The most likely problem you might encounter is in really hot weather, the fridge may struggle to keep cold as the awning will act like a greenhouse.


----------



## Highwayman999 (May 14, 2009)

Just a thought though James. If your going to be using an awning will you be using a site, if so surely you'll be on Electric hook up?? Carbon monoxide would not be an issue but not sure as to the requirement of air movement through the fridge vents on a hot summers day.


----------



## steco1958 (Mar 5, 2009)

Caravans have vented into awnings for years, as long as your fridge is maintained, it should not be a problem.

I have never heard of a person dying, of CO whilst in an awning, they are just not that sealed a unit.

Steve


----------



## 91502 (May 1, 2005)

Thanks for all the replies, as usual they seem to come pouring in very quickly.
I agree with them all, carbon monoxide is a killer but I don't think an awning would hold enough with all the draughts.
Unlike a caravan awning a MH doesn't have a skirt to keep the breeze out and doesn't seal around 3 sides.
It will only be for occasional use if away with friends or family as we like to tour and use aires etc when on our own.
Thanks once again.
James


----------



## pippin (Nov 15, 2007)

If you are worried about CO then buy a(nother) CO alarm for the awning.

You *do* have a CO alarm in the Excis - don't you?!!


----------



## teemyob (Nov 22, 2005)

*co2*

I would not worry about the emmissions from the fridge, especially with the awning drafts.

Have you thought how much comes off a portable calor gas heater!?

TM


----------



## 91502 (May 1, 2005)

Well I have done it now £200 for a Movelite XL Family from eBay brand new unopened and he is bringing it round at 12 o'clock. I think I got a good deal. 

Pippin yes I do have an alarm and it actually shows a reading which never budges from 0 unless you put it near a candle when it flys up. I will be investing in another for the awning.
Thanks all.
James


----------



## spykal (May 9, 2005)

Hi JP

As others have said I don't think you will have any problems as there will always be a good airflow and it sounds a good buy.

Your post reminded me of a guy we met at a rally who was trying his new safari room out and we were taking a look around it ... it really made a nice private enclosed area outside the motorhome ....then we were aware of a really bad smell...his wife had used the toilet and his SOG was pumping the cassette fumes into safari room ....... :roll: 


Mike


----------



## Pudsey_Bear (Sep 25, 2008)

Nice on Mike, I knew someone would lower the tone.

Anyone need an awning, link below to mine on Classifieds, Now Mikes pointed out the advantages.

Kev.


----------



## Ian-rapido (Mar 24, 2009)

When we had the caravan we would often stay on CL sites for a few days at a time and most of which didnt have hook up. So the water heater & fridge would be constantly left on gas. 
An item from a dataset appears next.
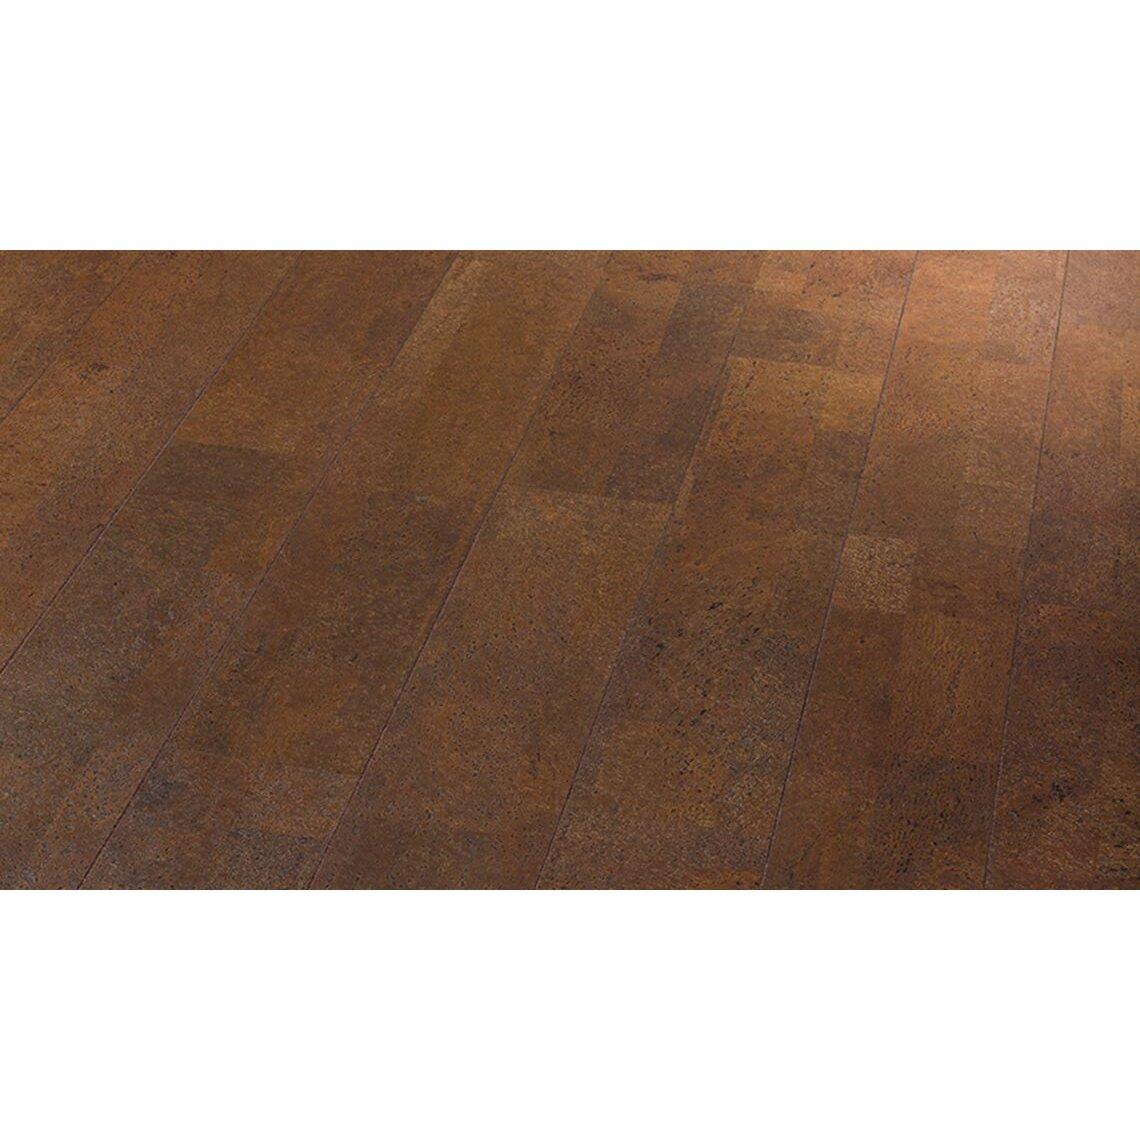 "Cork Flooring High Humidity: CorkComfort 11-5/8"" Engineered Cork And Oak Hardwood"

We had a full awning on the van and the fridge vents were on the door side so were inside the awning. 

All I would suggest is to try and keep as much ventilation as possible. When we went out for the day I would leave the front panels open slightly at the top so that 1) the awning wouldnt turn into a greenhouse and 2) fridge fumes would escape.

When the awning did used to get hot we never found that the fridge lost efficiency. If anything the fridge would be cooler when the awning was up! 

Ian.


----------